- Map of the Qasim Khanate
- Status: Monarchy
- Capital: Kasimov
- Official languages: Chagatai/Turki (lingua franca, literature); Volga Turki/Old Tatar;
- Other common languages: Kipchak languages
- • 1452–1469: Qasim Khan (first)
- • 1679–1681: Fatima Soltan (last)
- Historical era: Early modern period
- • Established: 1452
- • Disestablished: 1681
| Preceded by | Succeeded by |
| / Golden Horde | Tsardom of Russia / |

= Qasim Khanate =

1452–1681 Tatar vassal state of Russia

The Qasim Khanate (also called Qasimov, Kasimov, or Kasim), also known as the Tsardom of Kasimov (Касимовское царство), was a Tatar-ruled khanate which existed from 1452 until 1681 in the territory of the Russian state. It was located within modern-day Ryazan Oblast with its capital at Kasimov, in the middle course of the Oka River.

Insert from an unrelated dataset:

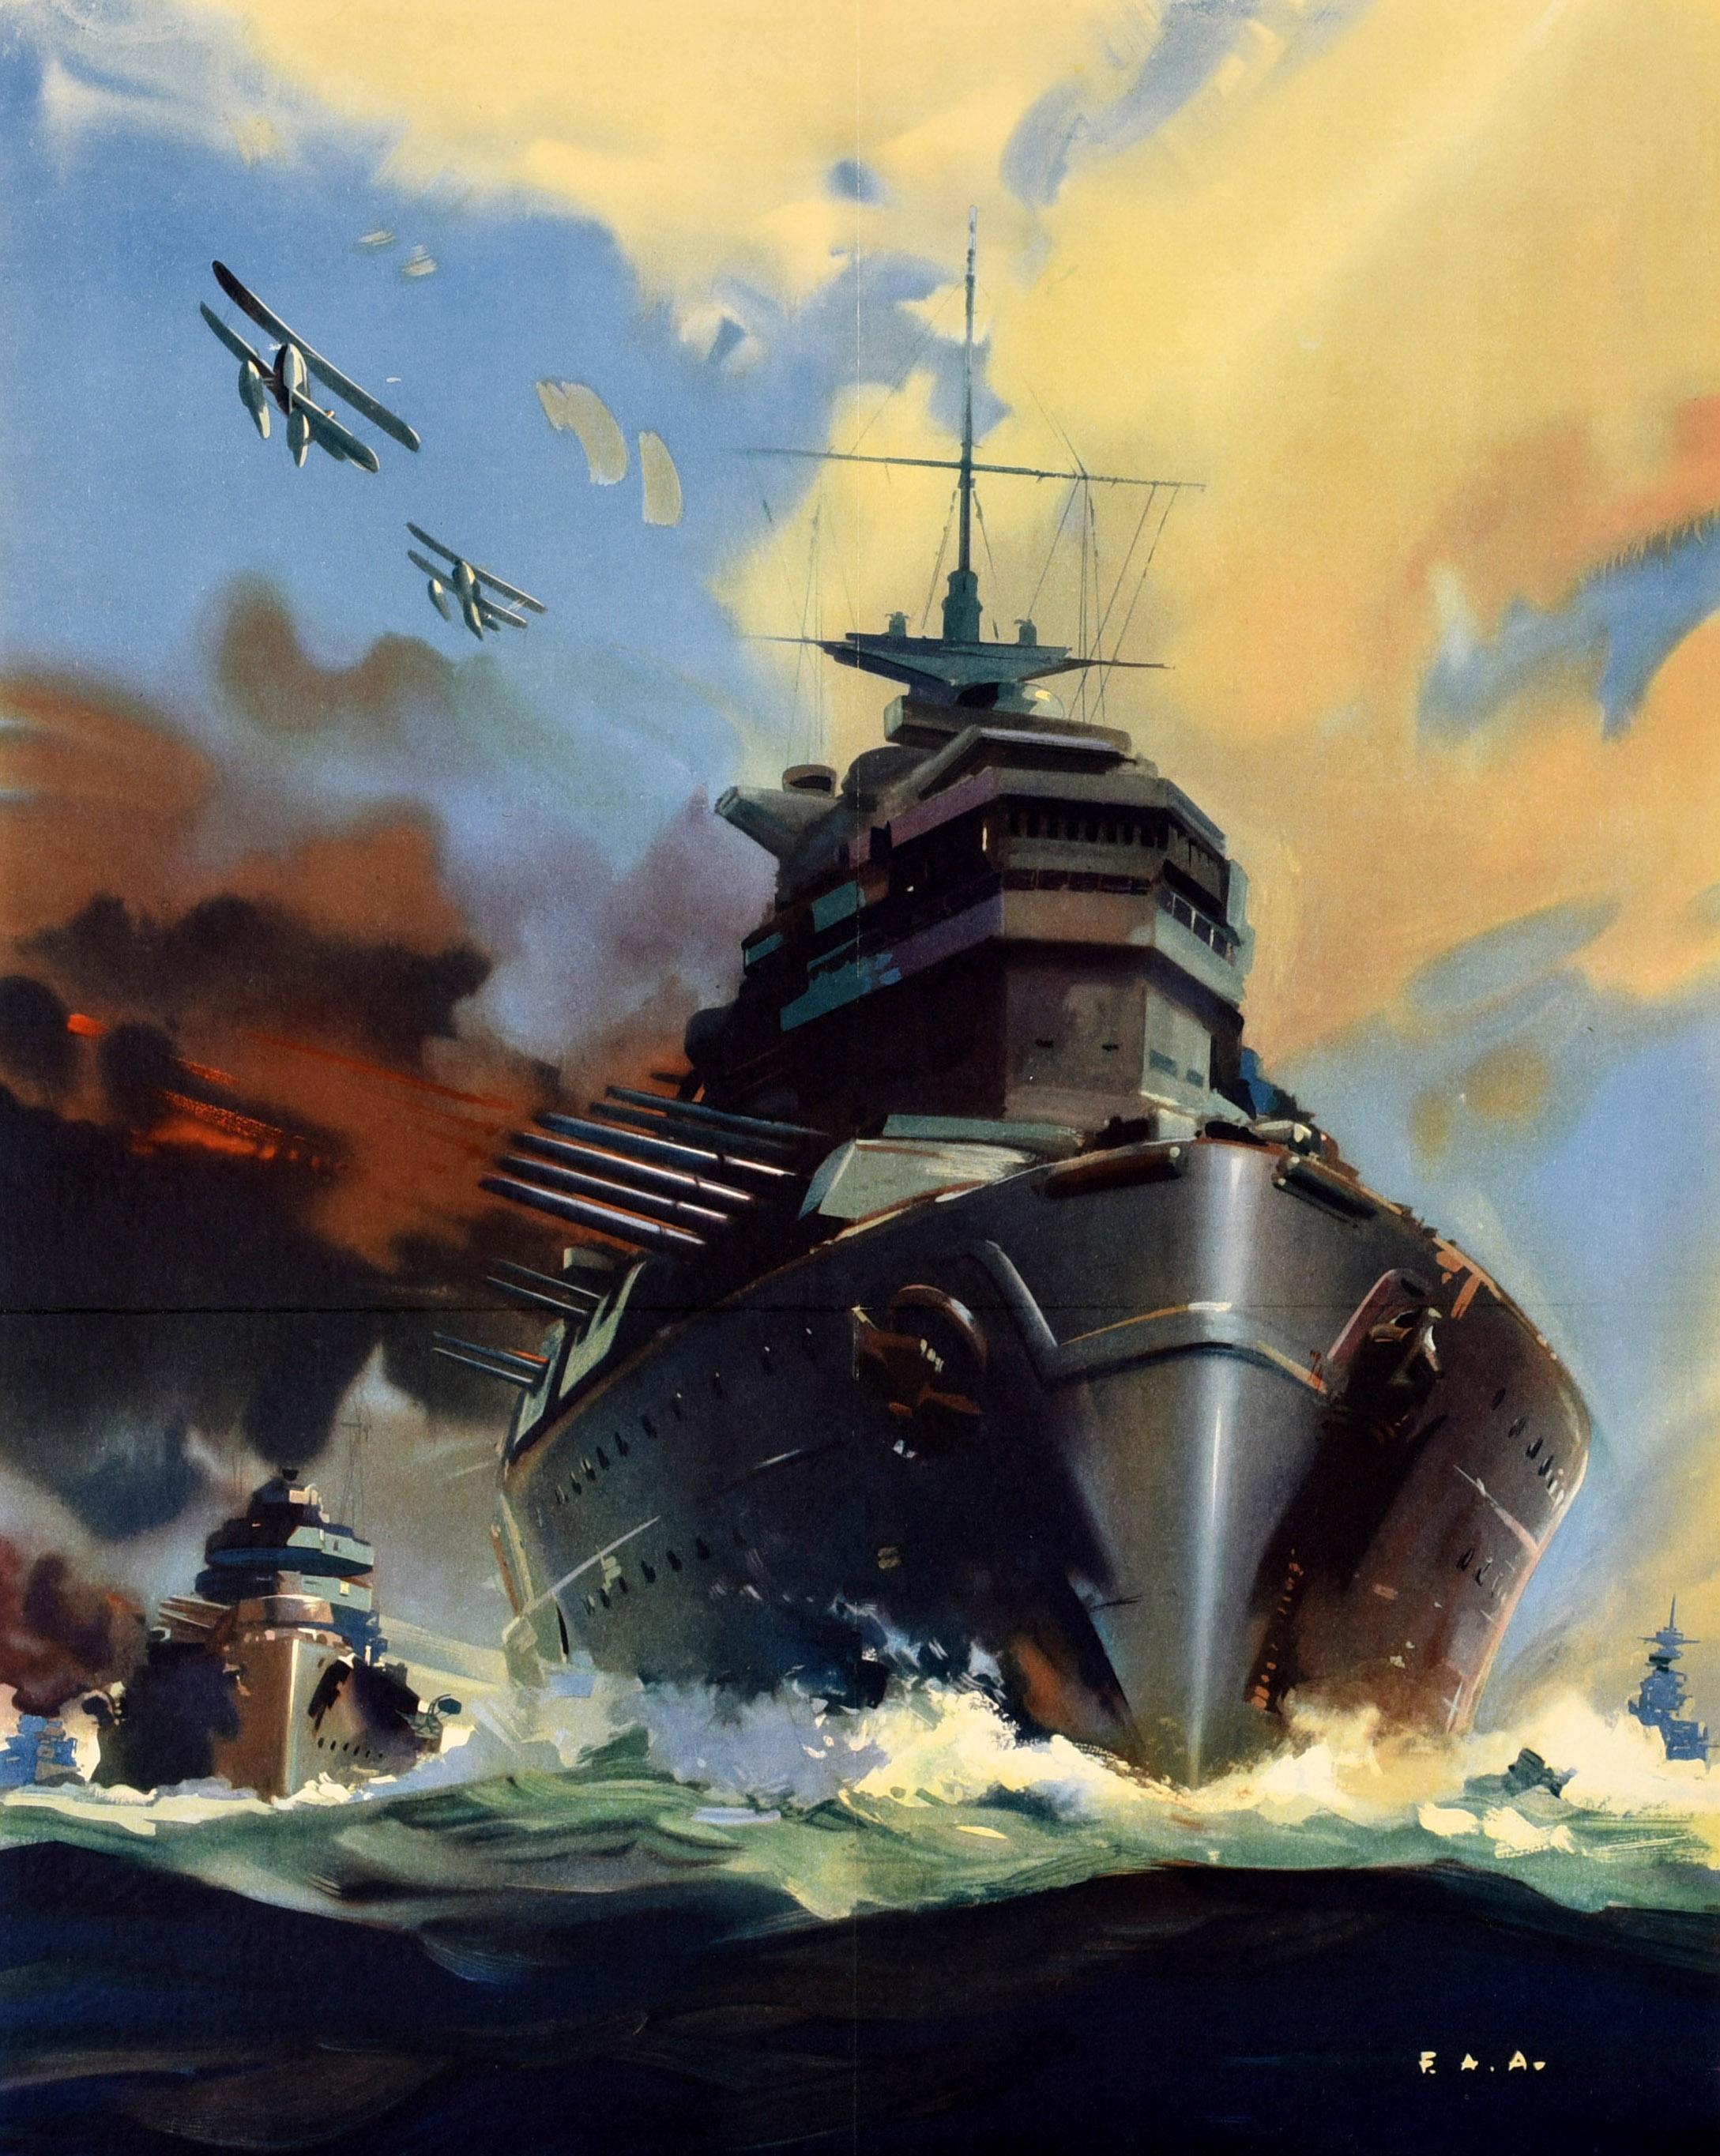 Affiche de propagande originale de la Seconde Guerre mondiale - Help Britain Finish the Job ! - représentant un navire de guerre en mer déferlant sur les vagues vers le spectateur et des canons fumant sur le côté, avec des biplans survolant les

It was initially in the sphere of influence of the Grand Principality of Moscow and then was dependent on the Tsardom of Russia. The khanate was established in the lands which Grand Prince Vasily II of Moscow presented in 1452 to the Kazan prince Qasim Khan, son of the first Kazan khan Olug Moxammat.

== History ==
===Origins===
The original populations were the Volga Finnic tribes of the Meshchyora, Muroma and Mordvins. The lands were originally under the influence of Kievan Rus' and Volga Bulgaria. Local tribes were tributaries of Russian princes. Later, the area was incorporated into Vladimir-Suzdal. In 1152, Grand Prince Yuri Dolgoruky founded Gorodets-Meshchyorskiy. After the Mongol invasions, the territory was incorporated into the territory of the Golden Horde. Turkic settlers appeared in those areas, and most of them accepted Islam under the influence from the Volga Bulgars.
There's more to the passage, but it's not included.